Bisnis.com, JAKARTA - Sejumlah pengamat menilai pengelolaan gedung pemerintahan di Jakarta akan lebih baik jika menggandeng swasta, dibandingkan sekadar disewakan sebagai perkantoran usai Ibu Kota dipindah ke Ibu Kota Negara (IKN) Nusantara.
Pengamat Tata Kota Yayat Supriatna mengatakan perihal kebijakan penyewaan gedung pemerintah saat ini harus menunggu peraturan dari Kementrian Keuangan karena terkait dengan pengelolaan aset. Menurutnya, harus ada kategori gedung-gedung apa saja yang boleh disewakan, bak dari sisi usia gedung, kondisi instalasi, serta kondisi sarana dan prasarana.
“Kalau disewakan untuk gedung perkantoran mana ada yang mau karena perawatannya ini tinggi. Saya menilai ini lebih baik dikerjasamakan. Sebagai contoh terdapat aset pemerintah lama yang terbengkalai seperti Kota Tua, nah ini menarik bisa di konversi menjadi bisnis dan Kafe,” ujar Yayat kepada Bisnis, Selasa (10/1/2023).
Hal lainnya yang bisa diperhatikan dalam penyewaan gedung pemerintah adalah faktor lokasi. Menurut Yayat, lokasi penempatan gedung pemerintah nantinya akan menjadi sebuah tantangan tersendiri karena akan menentukan arah kerja sama ke depannya.
“Jadi kita jangan melihat dari sisi gedung perkantoran saja, yang menarik kalau gedung pemerintah ini bisa difungsikan sebagai bisnis. Bisa dijadikan sebagai pusat perbelanjaan, pusat ekonomi, pusat jasa, ini yang bisa dikembangkan,” ujar Yayat.
Yayat menambahkan, jika gedung pemerintah di Jakarta akan sewakan dalam bentuk kerja sama, nantinya dana yang diperoleh dari hasil ini akan masuk ke pendapatan negara bukan pajak, karena yang mengelola adalah Kementrian Keuangan.
Baca Juga
Di lain pihak, Pengamat Tata Kota Nirwono Joga mengatakan bahwa pemerintah perlu melakukan pengkajian terhadap rencana BMN, yakni terkait minat swasta untuk memanfaatkan gedung pemerintahan. Selain itu, hal lain yang juga perlu dikaji adalah menindaklanjuti bagaimana sistem kepemilikan dan pemanfaatannya yang sesuai dengan rencana tata ruang Jakarta.
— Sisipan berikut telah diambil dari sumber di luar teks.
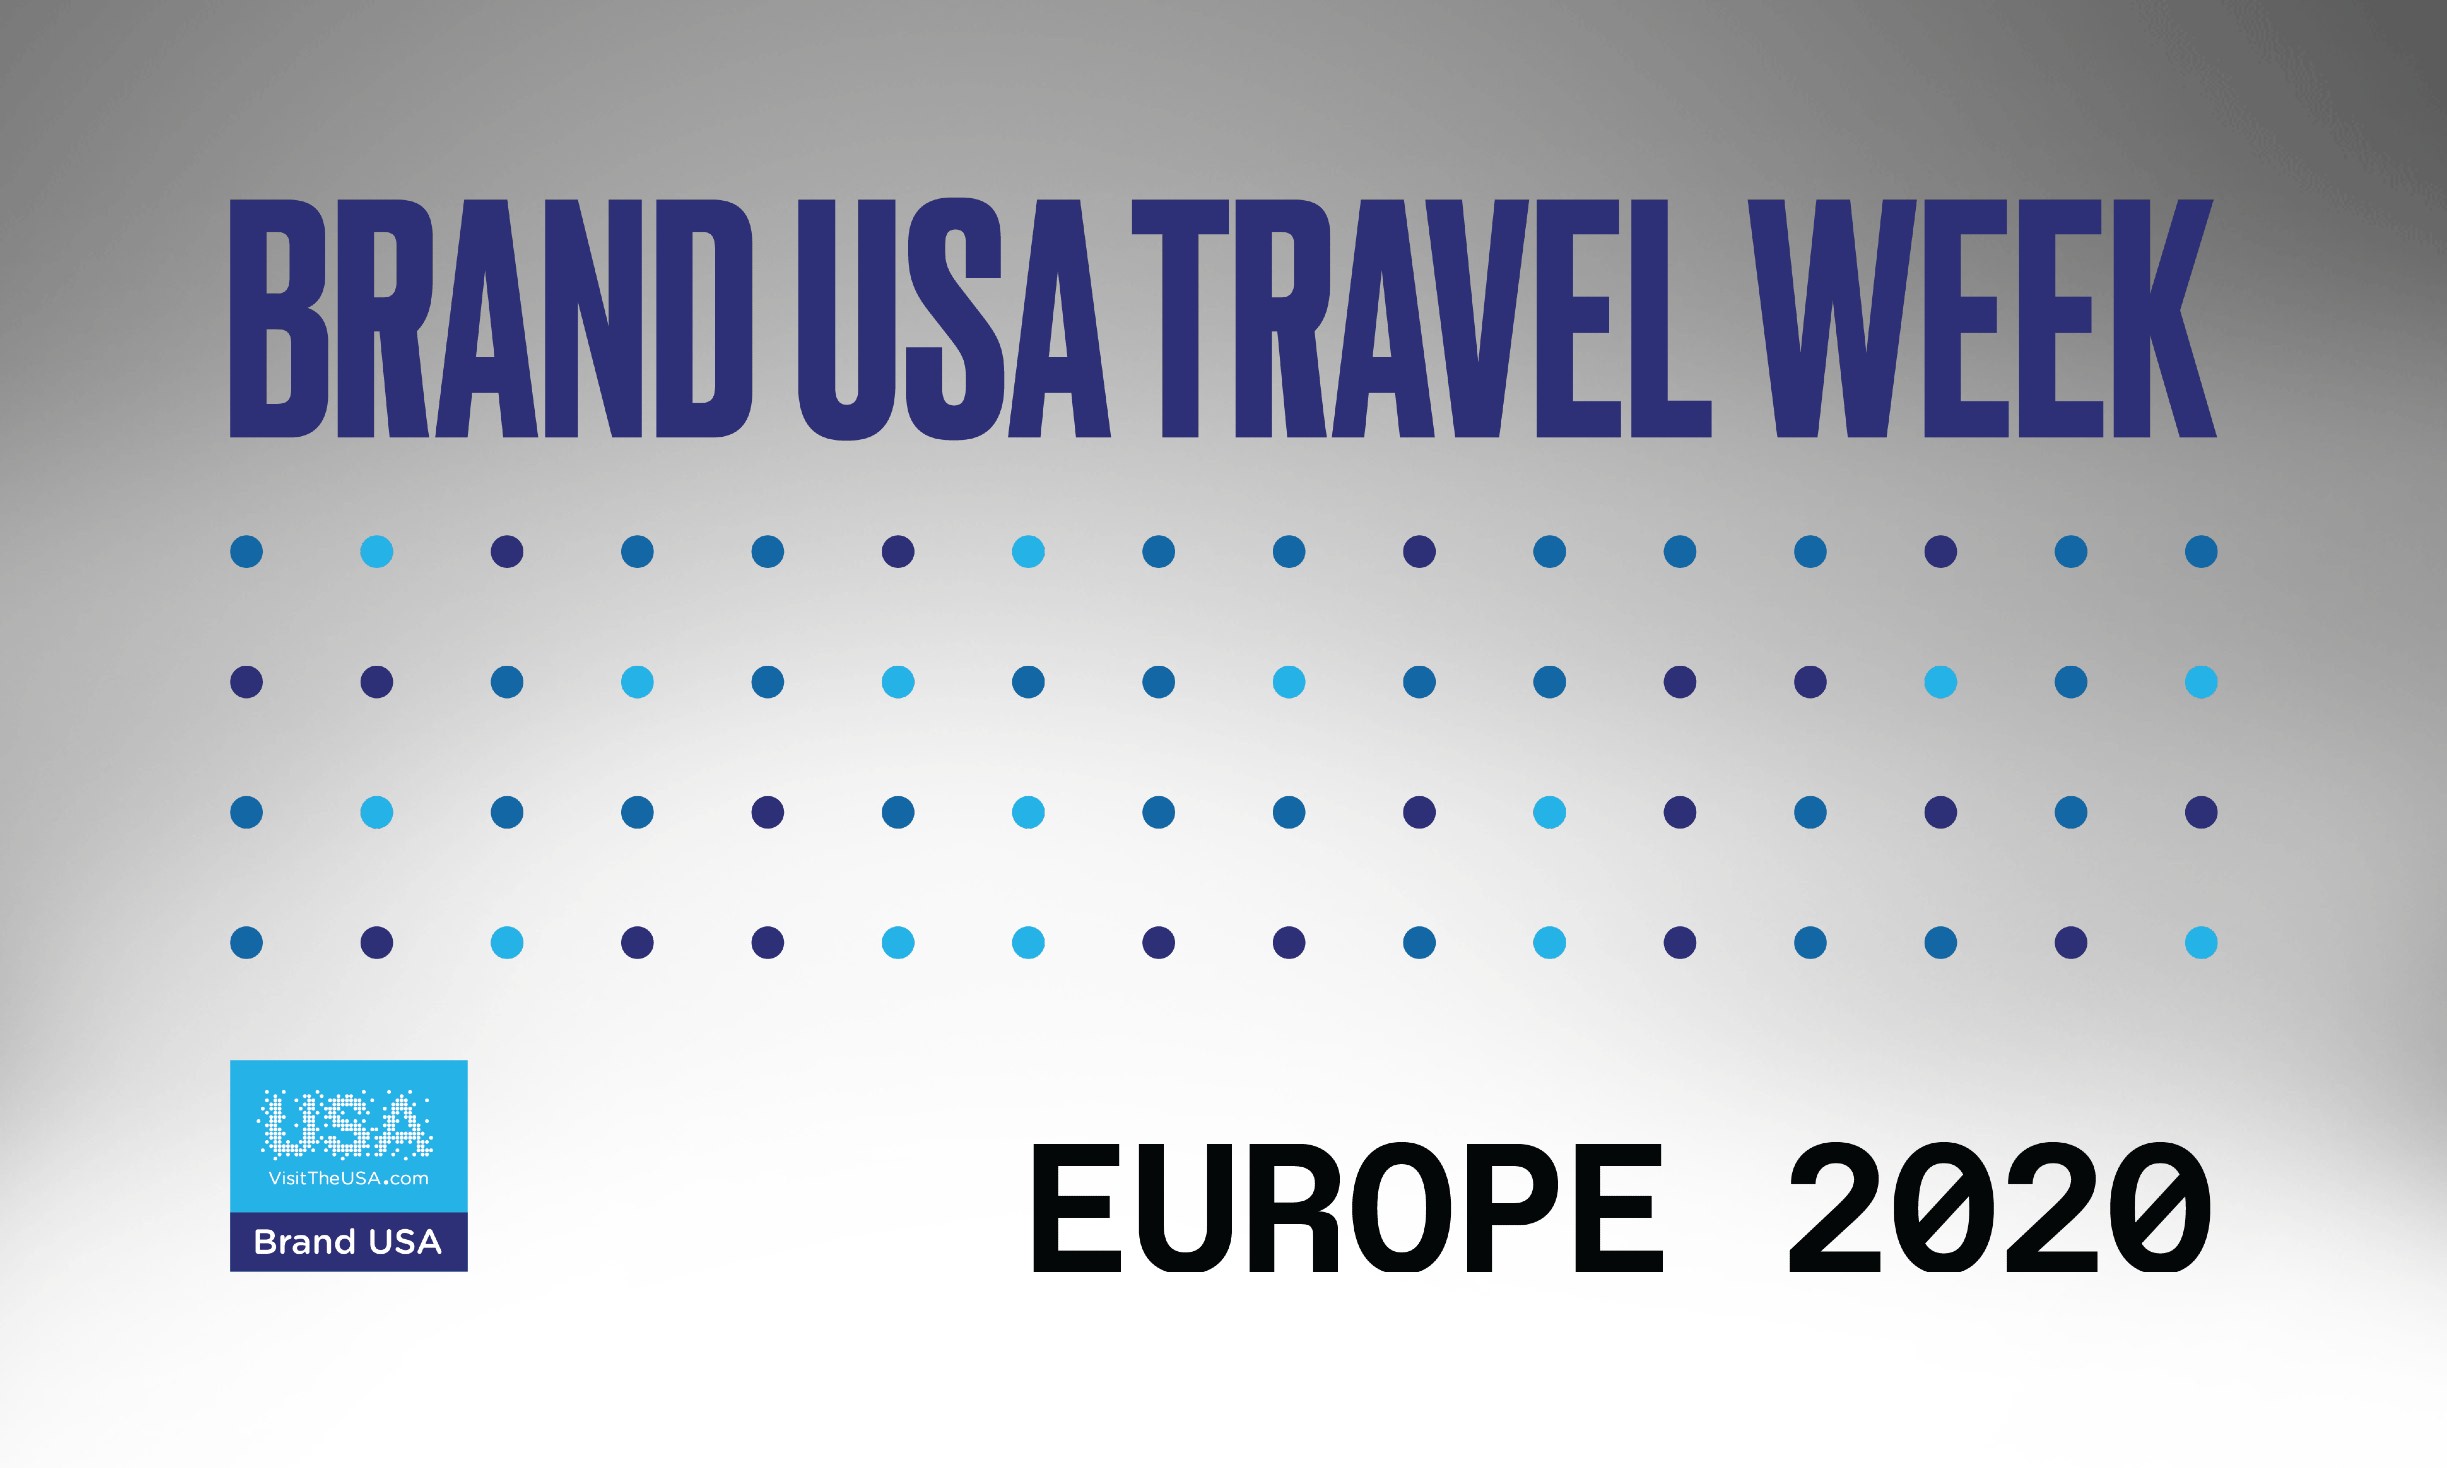 Brand USA Travel Week Europe 2020
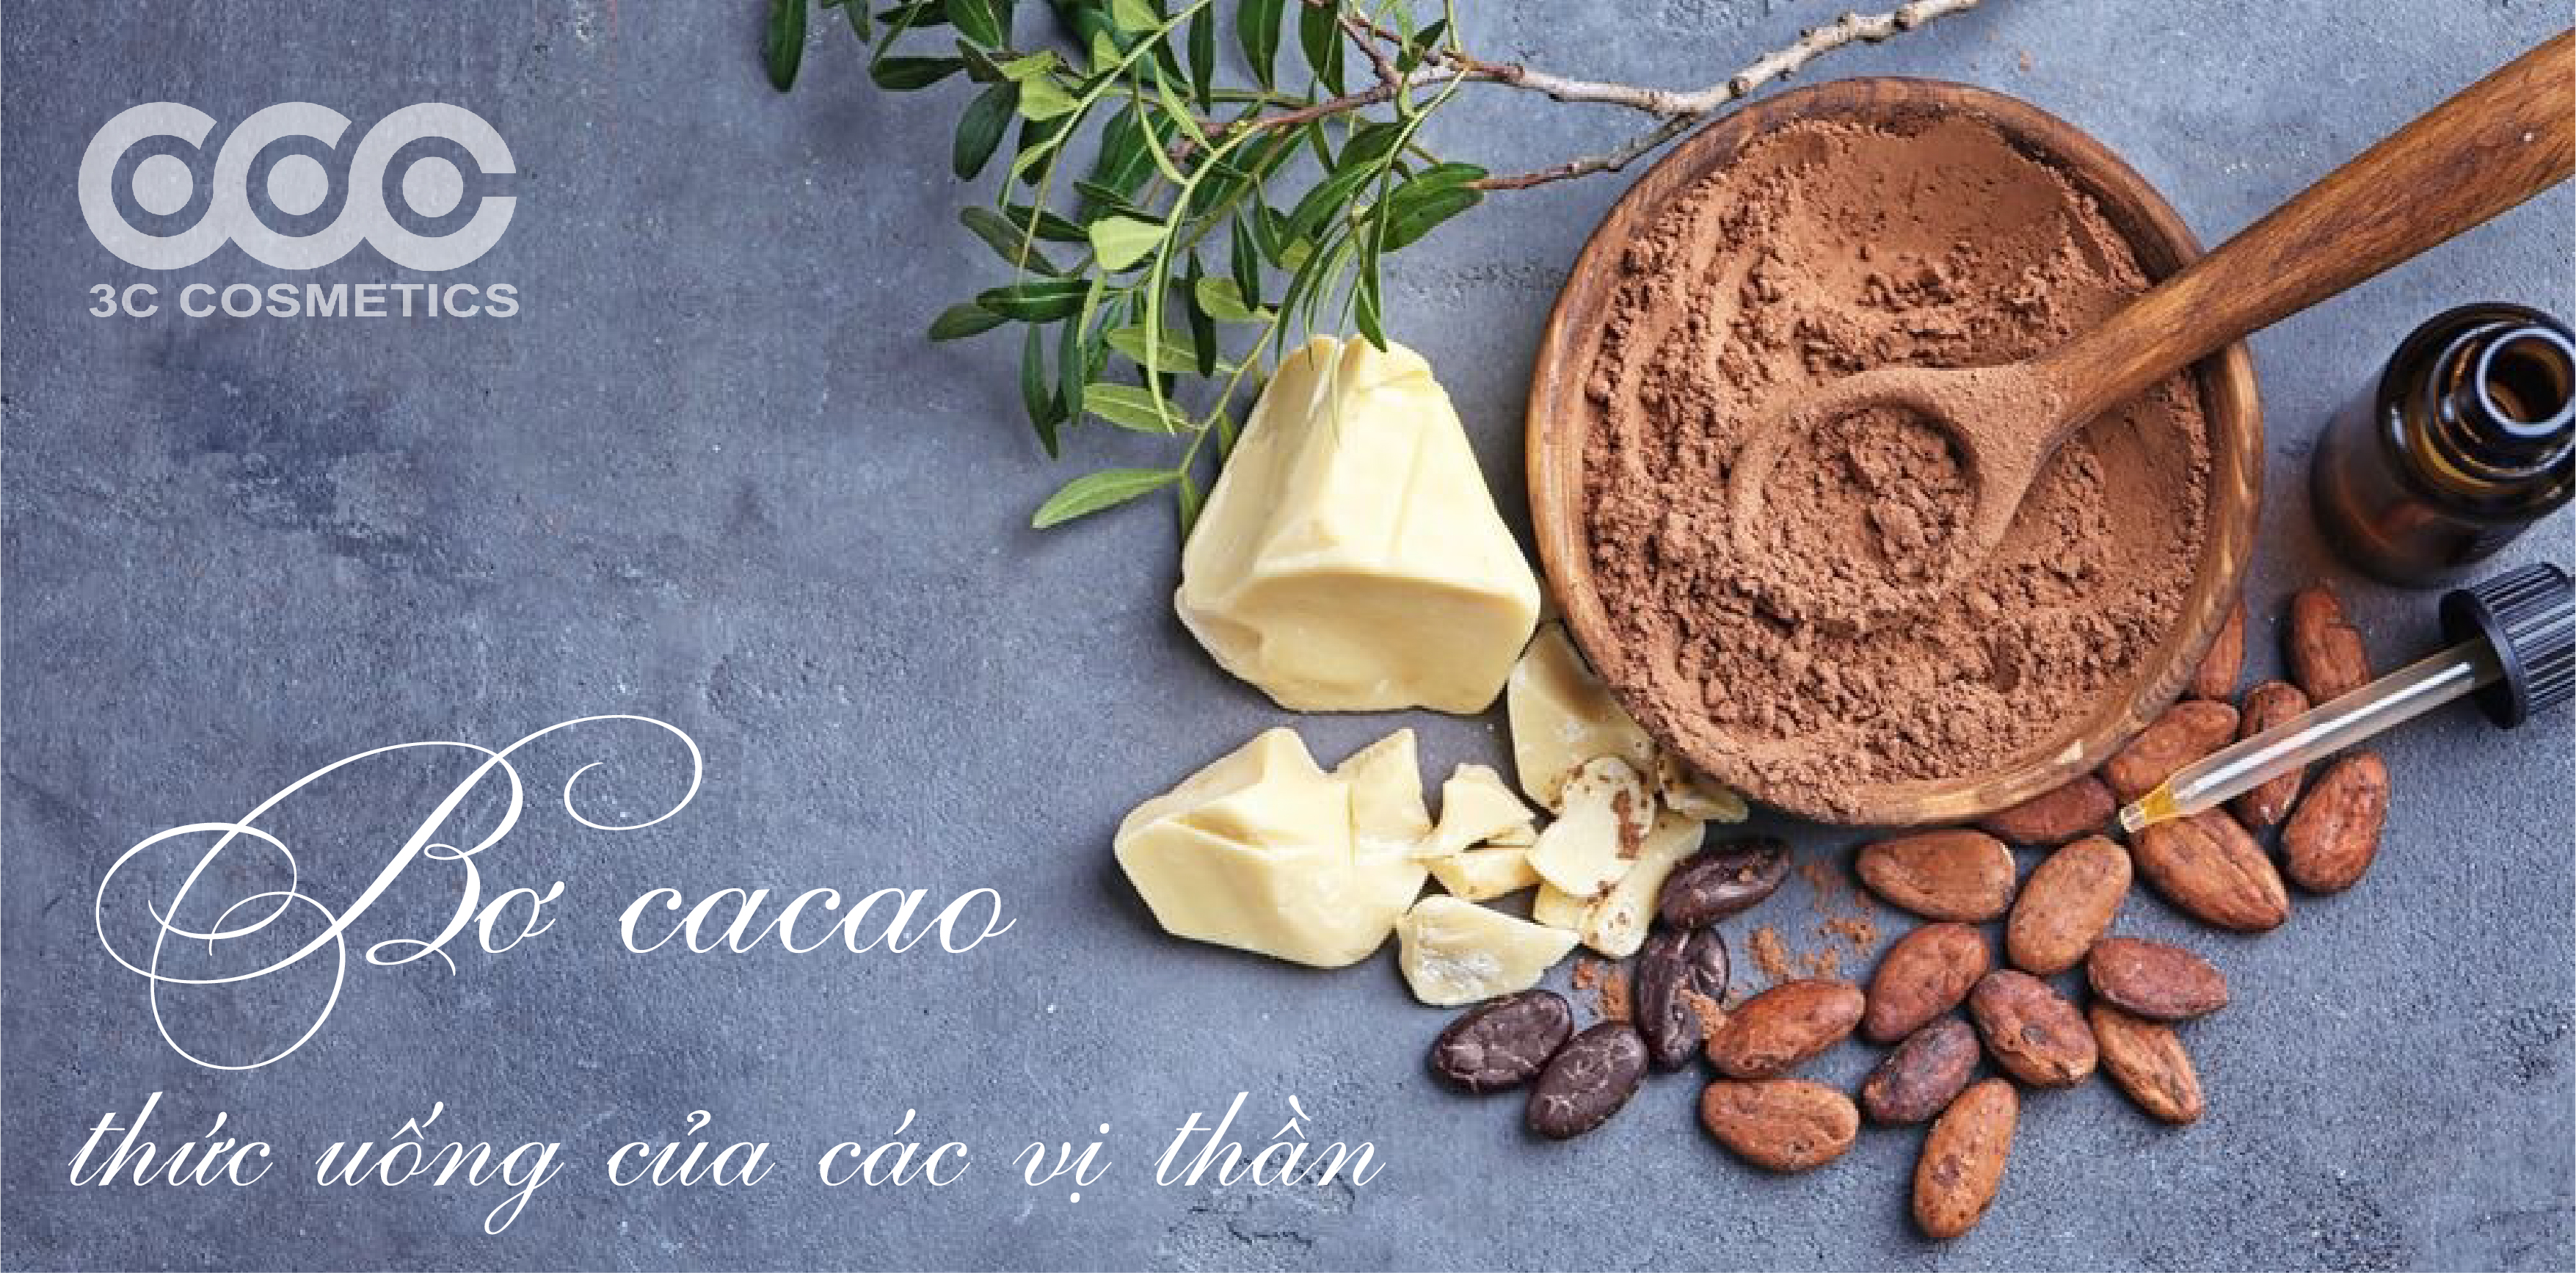 Bơ cacao và những lợi ích tuyệt vời với làn da

“Di tengah krisis ekonomi seperti ini, swasta juga akan berhemat dalam pengeluaran dan harus memastikan bidang usaha mana yang menguntungkan, di mana kebutuhan ruang ruang kantor atau ritel berkurang,” ujar Nirwono.
Nirwono menambahkan perkembangan properti sejauh ini belum menjanjikan, dan pengembang properti berusaha untuk menahan diri, sehingga kemungkinan besar pembelian gedung pemerintah tidak akan cocok bagi mereka.
Sebelumnya, berdasarkan catatan Bisnis, pemerintah tengah menggodok skema pemanfaatan gedung pemerintah di DKI Jakarta setelah Ibu Kota Negara (IKN) pindah ke Kalimantan Timur.
CEO Indonesia Property Watch (IPW), Ali Tranghanda, mengatakan pelaku usaha saat ini menantikan aturan terkait skema pengelolaan gedung pemerintah yang merupakan aset barang milik negara (BMN).
"Semua [pengembang] pada nunggu mau seperti apa skemanya, kalau ada penawaran menarik dari jangka waktu, harga sewa atau dari bentuknya KSO [kerjasama operasional], selama itu menguntungkan banyak yang tertarik," kata Ali.
Adapun, aset yang paling diincar pengembang adalah gedung Kementerian di area Central Business District (CBD) Jakarta. Sebabnya adalah demand atau permintaan ruang kantor berupa high rise building di lokasi tersebut sangat banyak.
Apalagi, lokasi kantor kementerian saat ini berada di lokasi strategis yang menjadi incaran banyak pengusaha. Namun, skema pemanfaatan aset tersebut masih menjadi pertimbangan utama bagi pelaku usaha.
"Menurut saya potensinya ada, yang penting harus ada skema kerja sama yang win-win dengan pihak swasta. Misalkan sewanya itu jangan 5-10 tahun, kasih aja buat pengelolaan aset itu misalkan 70 tahun," ujar Ali.